The dutiful young woman “pushed it” with one slide, illustrating the correct way to poop in the park: you must fully squat and bury the offending material. She then handed us various promotional knick–knacks. At that point, she was severely testing everyone’s patience. I grabbed one of the knick-knacks (a sticker of some sort) and left the building. It’s only while we were all walking away from the visitor centre that I noticed others with their new orange hankies. This was one of the knick-knacks I had turned up my nose at.
On the very first day of the trip, I came down with a benign cold that turned my nostrils into Niagara Falls. With a foggy brain, I went for my toilet-paper stash, having nothing else to blow my nose into. After a few days of this arrangement, my toilet-paper stash was not only depleted, but it would also not last the entire trip (uh-oh!).
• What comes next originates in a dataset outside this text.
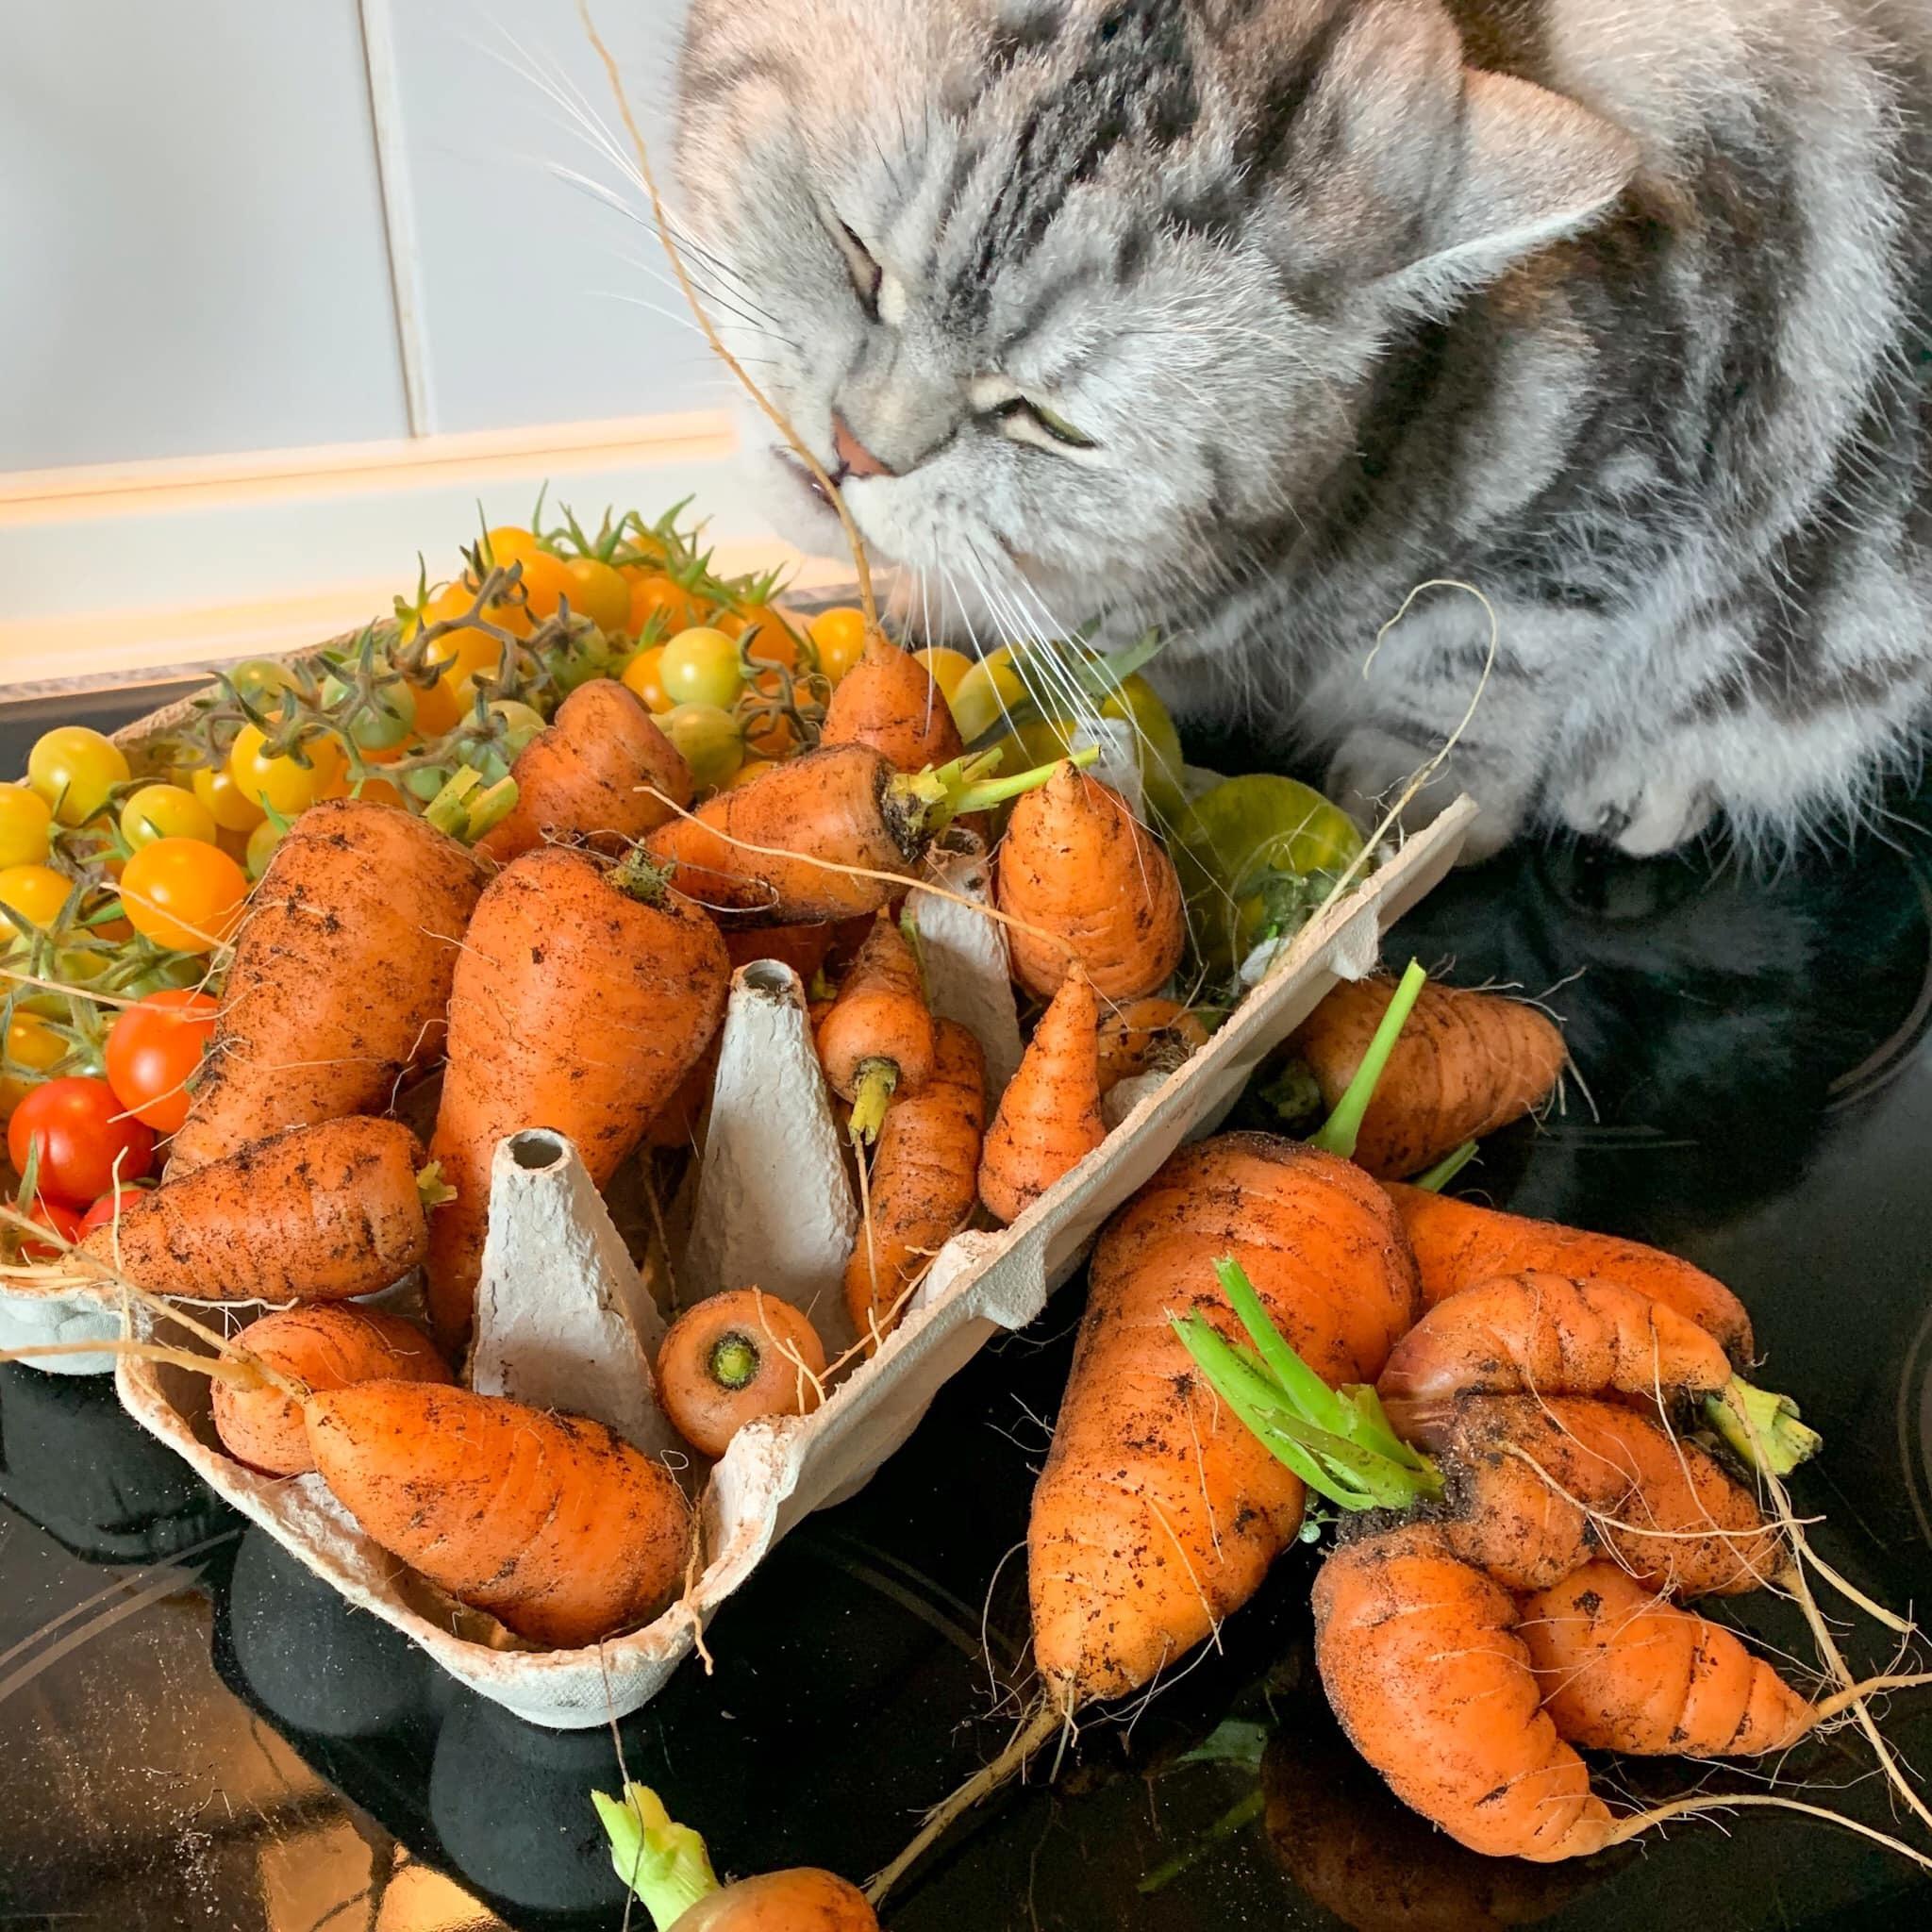 Khu vườn yên tĩnh trên ban công của cô gái yêu cây, yêu mèo

Because the trip was long (four weeks) and remarkably remote, we had a satellite phone with us, to stay in touch with loved ones. We had set-up a system where we would phone one person, once a week, who, in turn, would relay our news to our contact person. For me, this was my dad.
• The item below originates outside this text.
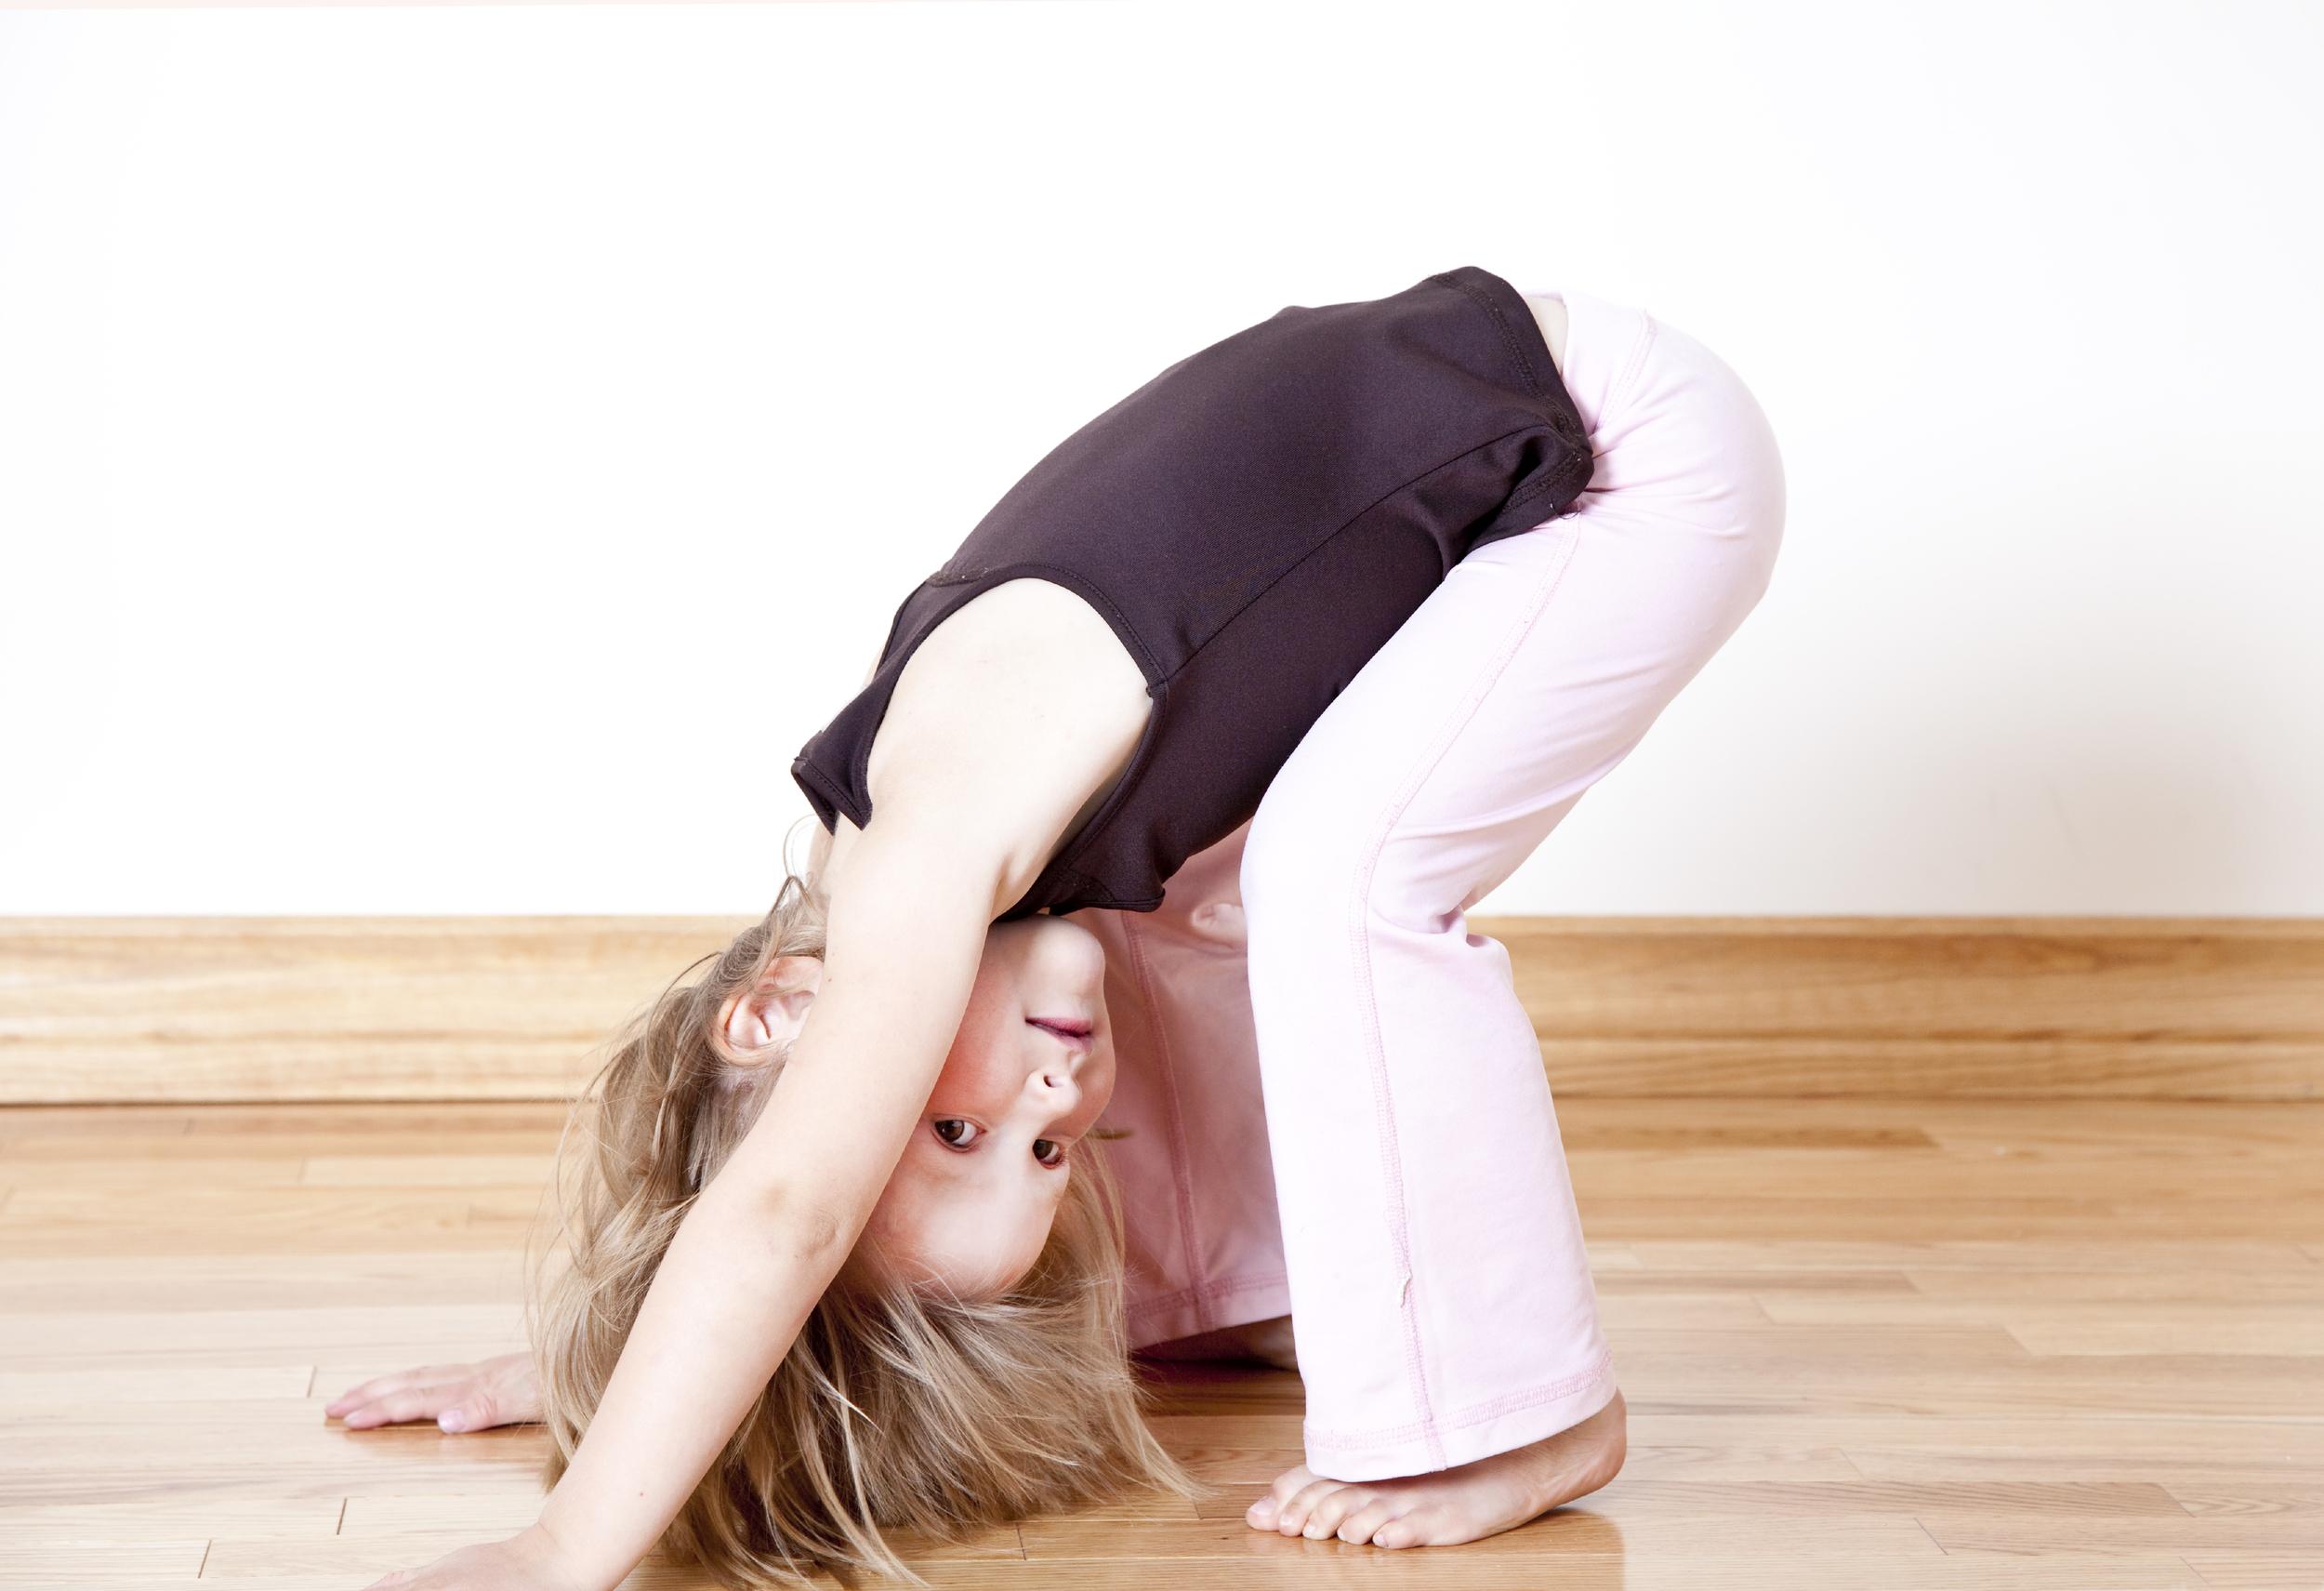 Body, mind & spirit play weekday mornings

So when it came to our weekly call, I joked with our call person—a friend’s wife—about asking my dad for a toilet-paper airdrop. The message was relayed. A few days later, on the river, a float plane approached our group, circling above us at a low altitude for several minutes. Eventually, the pilot landed the plane about 200 metres from us, on the river.
“Someone died,” muttered my paddling partner. As we paddled closer, the pilot got out on the plane pontoon, struck a pose and waited for us.
“My dad sent toilet paper,” I whispered to myself, speculating and flabbergasted at the possibility of it all.
“Are you the overdue group?” asked the pilot, now within earshot. No we weren’t, and nobody was dead. Nor was this a toilet-paper delivery. Although we were concerned people might be missing on the river, the pilot was optimistic that he would spot them later. Before he departed, a friend asked (to spare me the embarrassment) if he had toilet paper in his plane. “Oh yeah, I sure do,” he said as he pulled out two full rolls.
At that moment, I realized two things: you can rely on bush pilots for toilet paper, and a certain orange handkerchief would have prevented this pickle.
From that trip onward, I never travelled without a handkerchief. In the wilderness of the Yukon, they clean my face and remove sunscreen from my skin. In hot climates, they get soaked in cold water and cool down my head. Even on a recent trip to Montreal, having caught the “flight flu,” my handkerchief saved me from carrying two metric tonnes of paper tissue in my carry-on.
There is no International “Day of the Handkerchief” and, after all the good they provide, perhaps it’s about time we change that.